When it does happen, what should you do?
The first thing you should do is to document the act of infringement itself. Since there are so many things for you to document – from screenshots to various site stats and rankings – I’ll just point the way to other articles that have covered the documentation process exhaustively:
- Dealing With Online Copyright Infringement from MarketingDock.com
- FAQ: What Can I Do About Internet Copyright Infringement? at SEO Logic
Try to communicate
Unless the theft seems malicious or has serious consequences, it often helps to take a calm, but firm approach. While you may be hurt initially, don’t get emotional when writing that first email or making that call. After all, they might not have had proper knowledge of copyright law when they did it, or it might be an honest mistake (such as what happened to fellow WWD blogger Aliza Sherman a few months back). Show them the facts and tell them what they need to do to set things straight.
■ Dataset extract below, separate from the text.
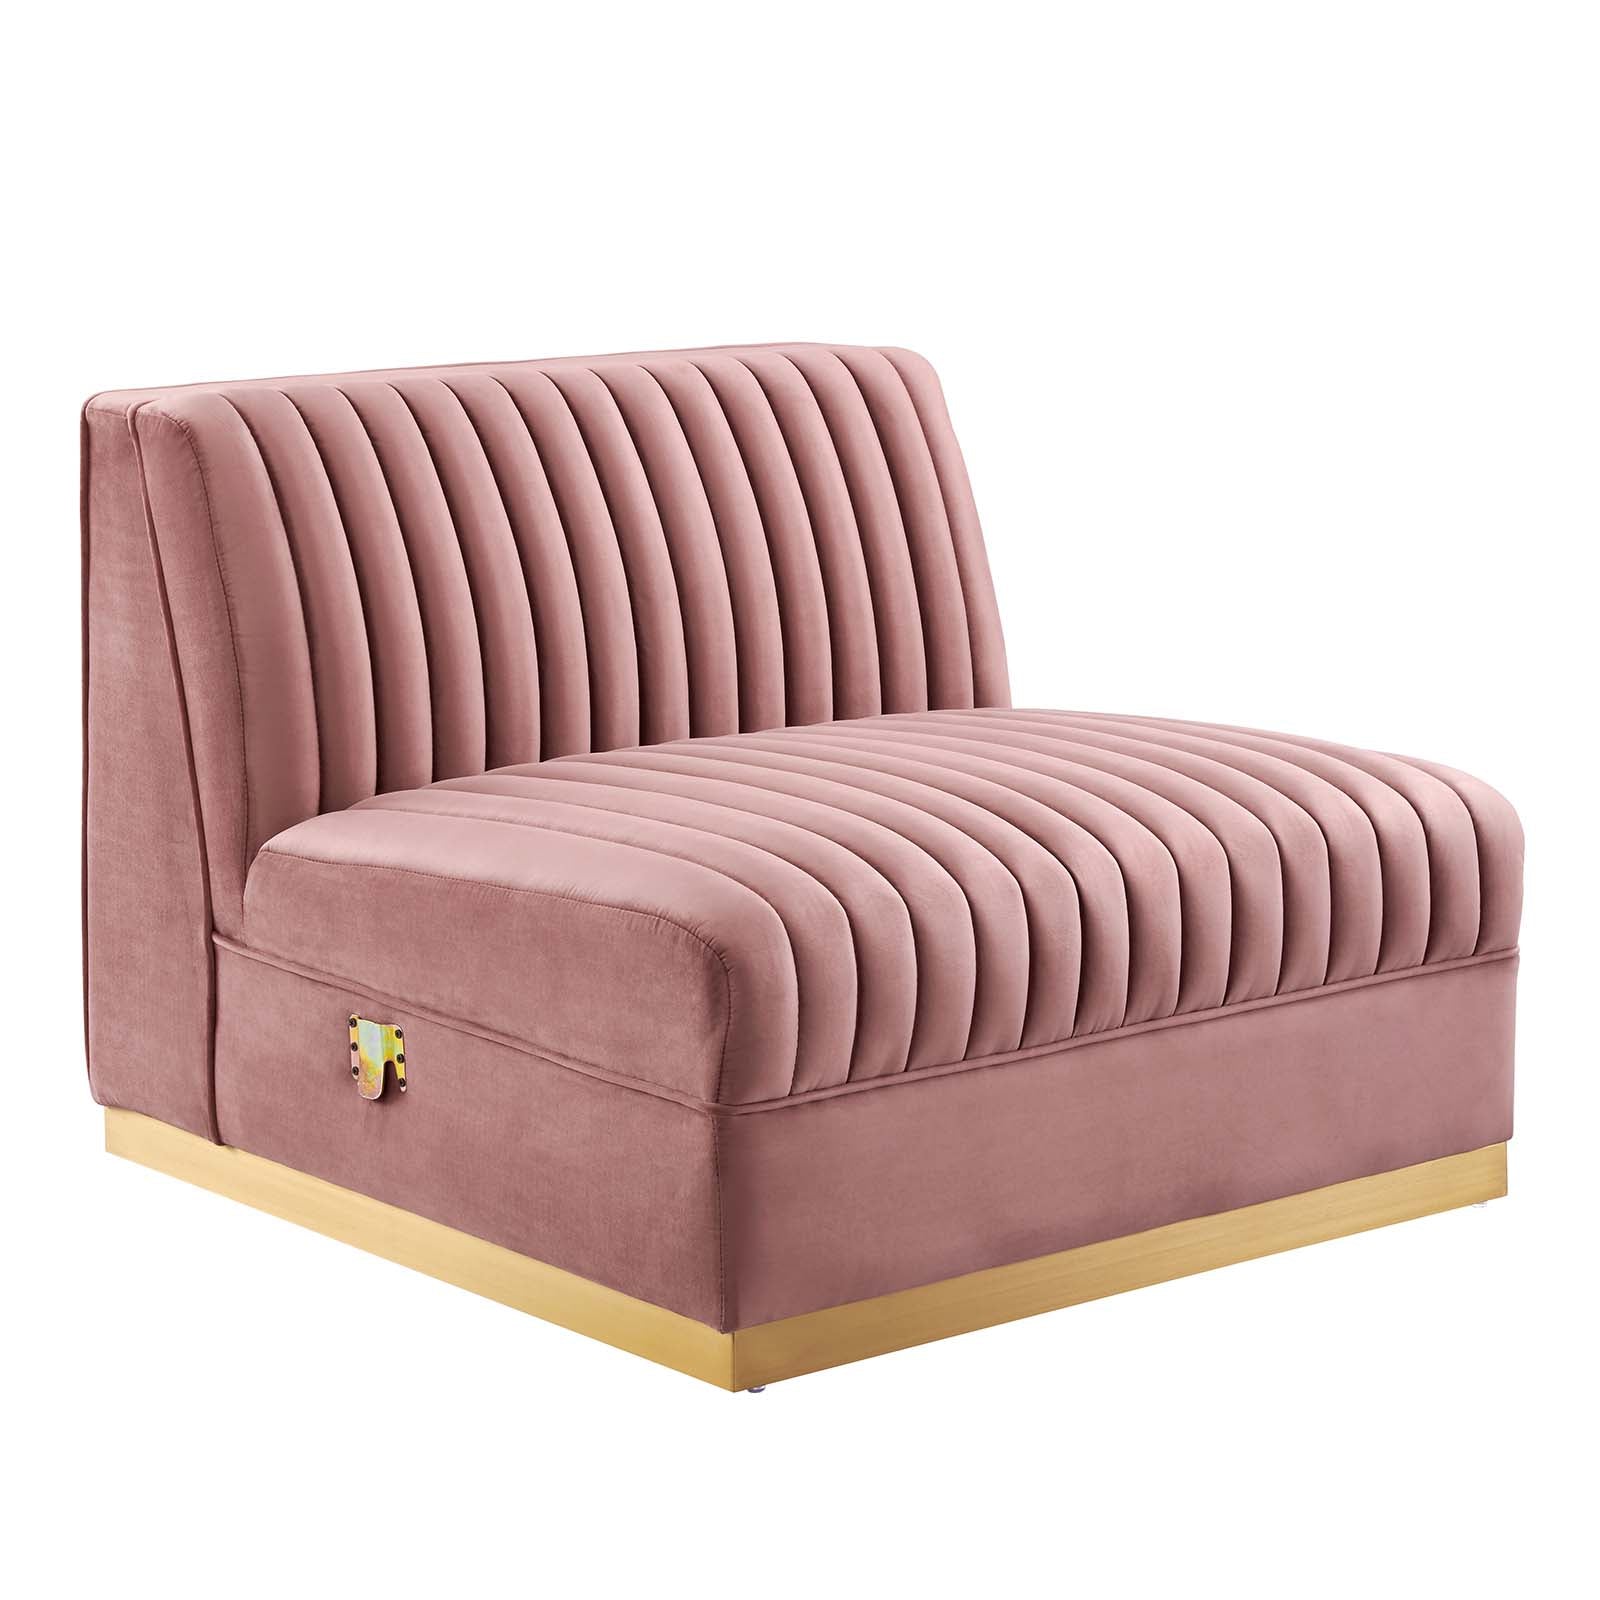 Modway Sectional Sofas - Sanguine Channel Tufted Performance Velvet 4 Piece Right-Facing Modular Sectional Sofa Dusty Rose

Of course, this doesn’t mean you should have warm, fuzzy feelings for copyright violators. There is a huge difference between a scraper site and 10 year old girl who is a first-time blogger. It’s perfectly fair to get web hosts and search engines to ban the former, but it would be an unnecessarily scathing experience for the latter.
The point I am trying to make is that when you communicate with the person at fault, do it formally. Don’t send a flaming rant or make a defamatory post in your blog. (Yet.) Remember that you’re a professional, and everything you send out must show this. If it is an obvious, honest mistake that can be fixed with a little communication, then it’s best to take that route.
If you’re unsure how to approach this situation, look at the legal facts and turn to a professional. There are some websites where you can get free legal advice, which you can use as a starting point to clear up the legal aspects of the violation. Also, familiarize yourself with the actual provisions and exceptions of the DMCA (Digital Millennium Copyright Act). If reading the actual text seems too tedious for you, at least read the Wikipedia page on the DMCA.
It’s important to remember that nothing beats the advice of a licensed lawyer that you can discuss all these things with. That’s why I noted in a previous post that a lawyer is one of the most important contacts you could ever have.
This is especially important if the case is vague, such as two blog posts discussing the same subject with the same angle, or two website templates that look similar.
Copyright infringement may be rampant, but many internet users are starting to take it seriously. There might come a day when it no longer happens, but until then, we should be standing up for our rights to our work.
Has your work been stolen online? What did you do about it?